Prof. G. Anderson/ CSUN/ Fall 2003
LECTURE NOTES 2
A Parable for Development Economics: the Two Koreas
Consider the case of North and South Korea. The
two share the same people, with the same pro-growth
cultural characteristics (e.g., strong work ethic,
respect for education, high savings rate), similar
resource endowments [although in a number of
respects the North is significantly better endowed*]
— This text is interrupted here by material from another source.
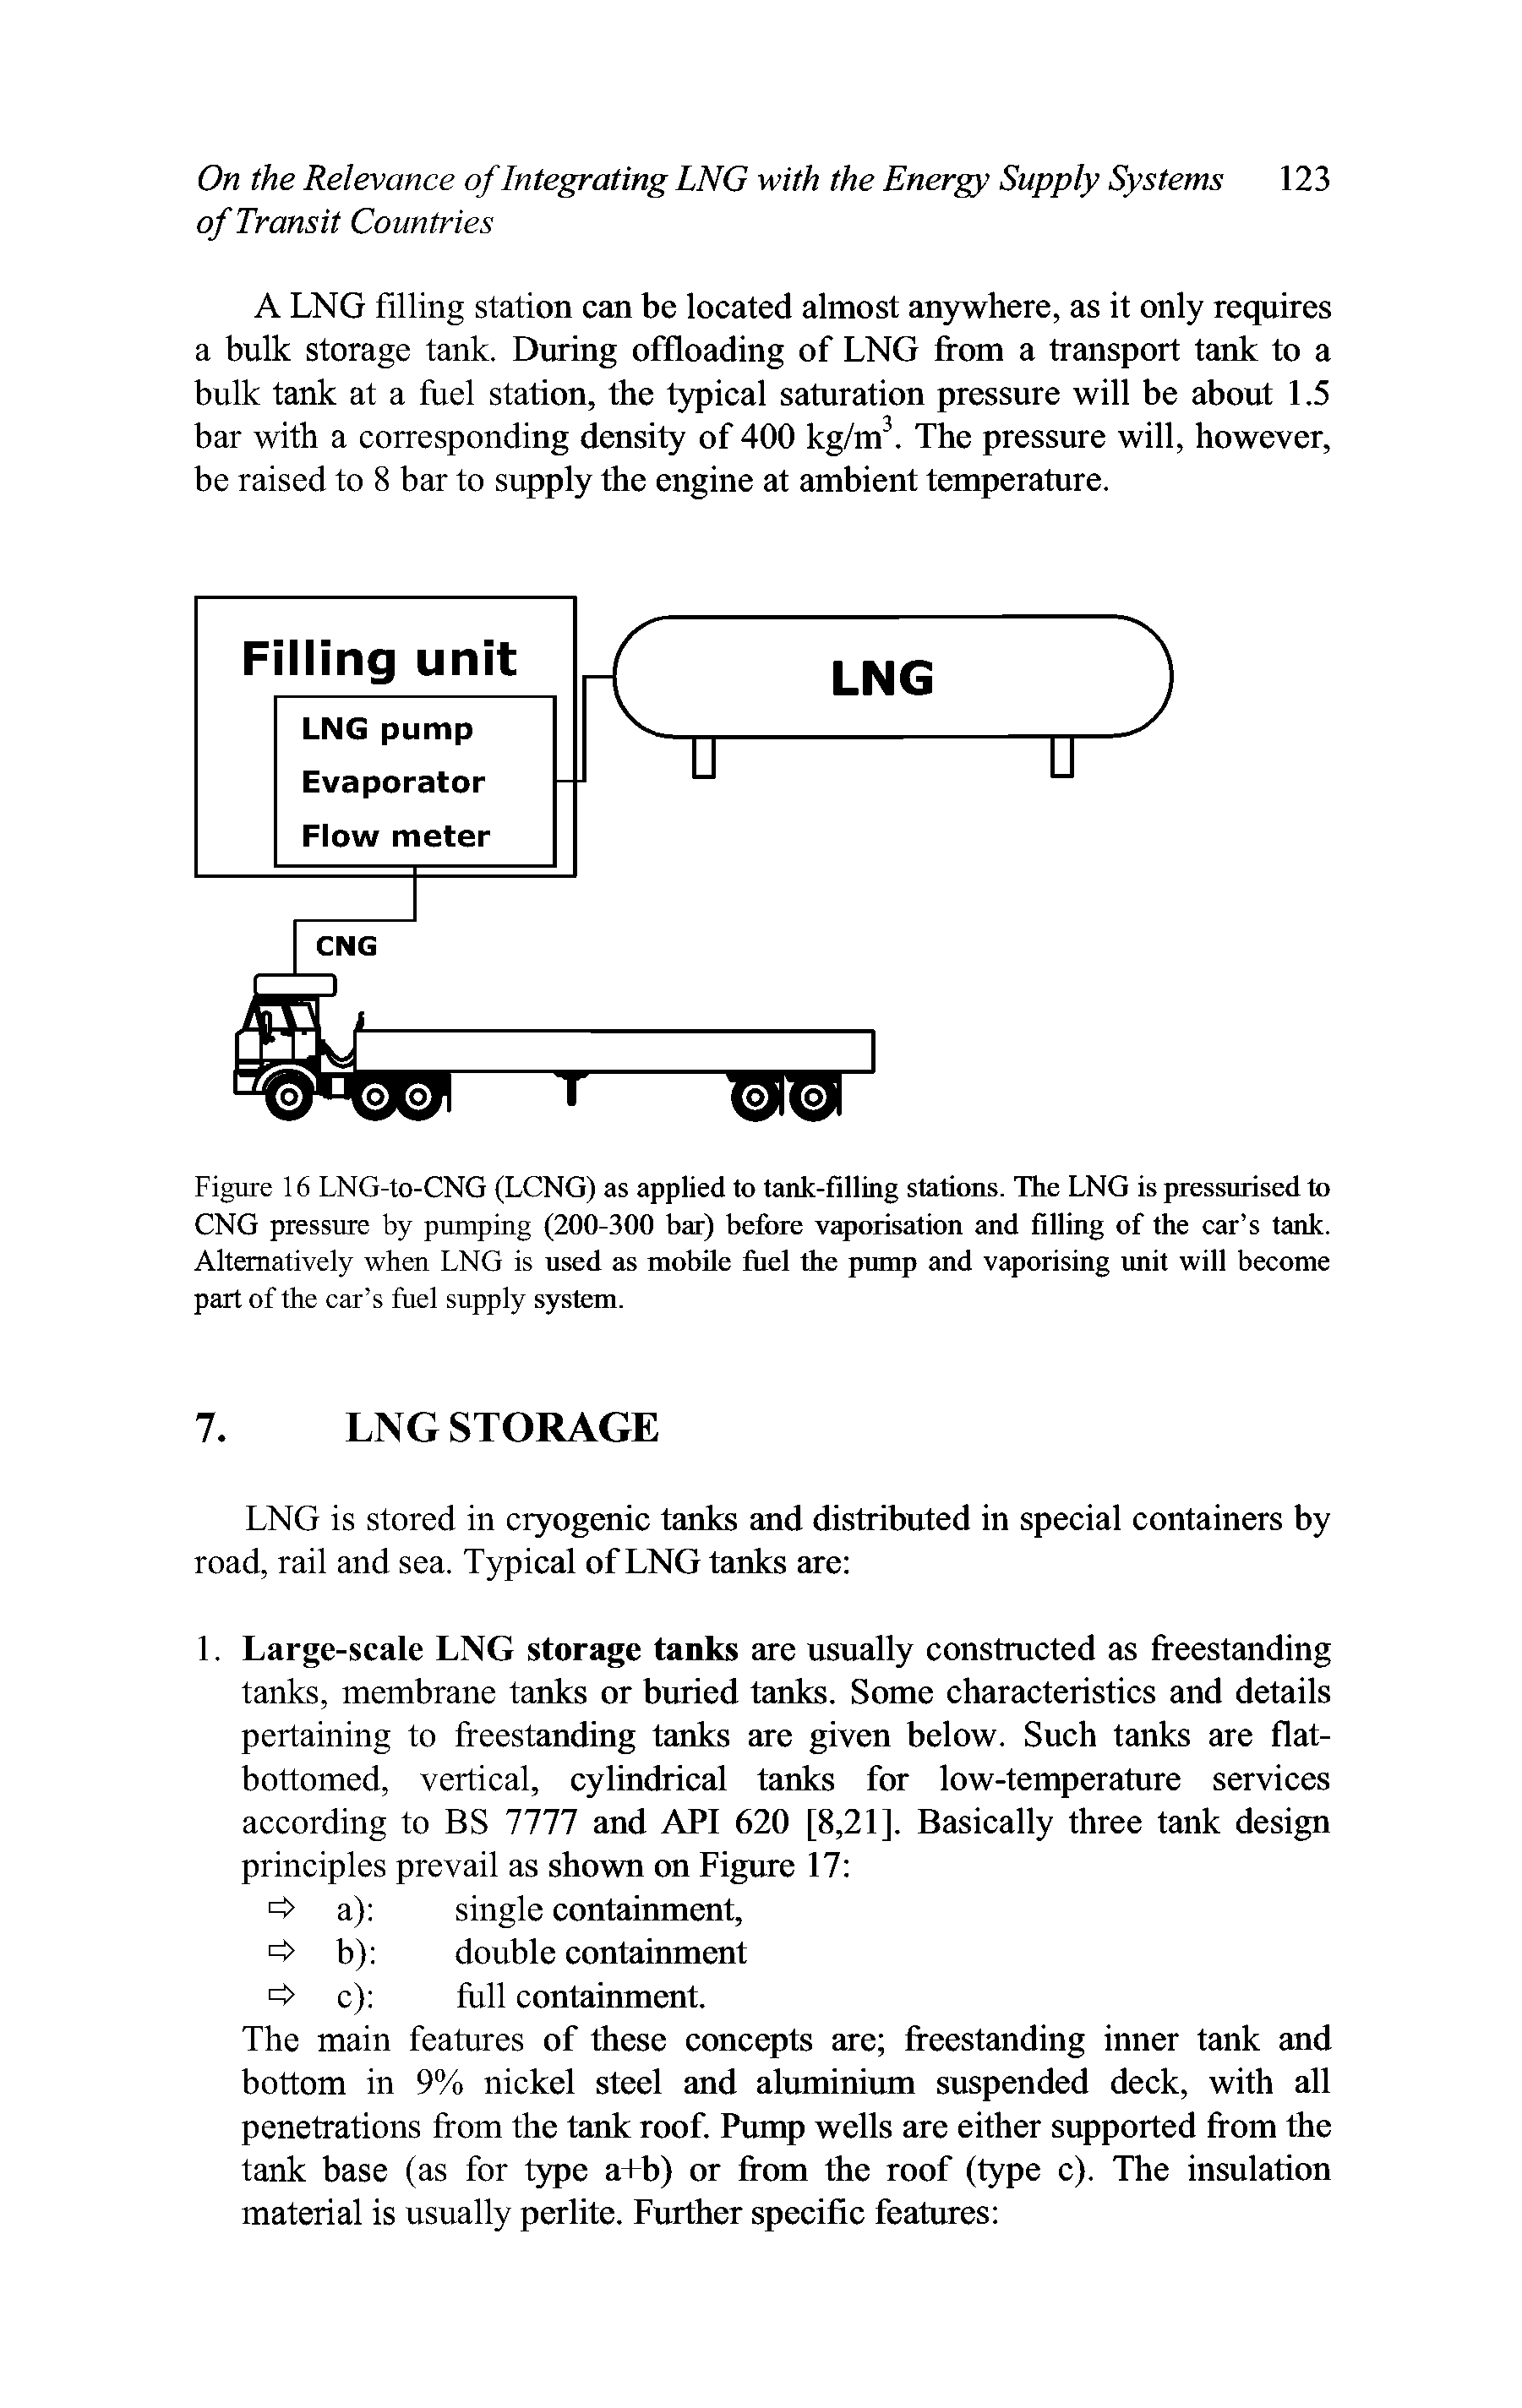 Figure 16 LNG-to-CNG (LCNG) as applied to tank-filling stations. The LNG is pressurised to CNG pressure by pumping (200-300 bar) before vaporisation and filling of the car s tank. Alternatively when LNG is used as mobile fuel the pump and vaporising unit will become part of the car s fuel supply system.

Yet the two countries have had radically different
development experiences. After recovering from the
virtual obliteration of its domestic infrastructure
during the 1950-53 war South Korea has emerged as
one of the richest, most productive, and fastest
growing economies in the world.
A Parable of the Two Koreas
[continued]
Meanwhile, the North remains mired in almost unimaginable grinding
poverty– that is, for the lucky ones who don’t die in the annually recurring
famines. And it appears to be getting worse. This economic state cannot
be attributed to the lasting damages sustained during the Korean War; the
South, not the North, suffered the brunt of “collateral damage”, yet the
South has transformed itself into a dynamic powerhouse while its’
neighbor to the north remains a stagnant sump.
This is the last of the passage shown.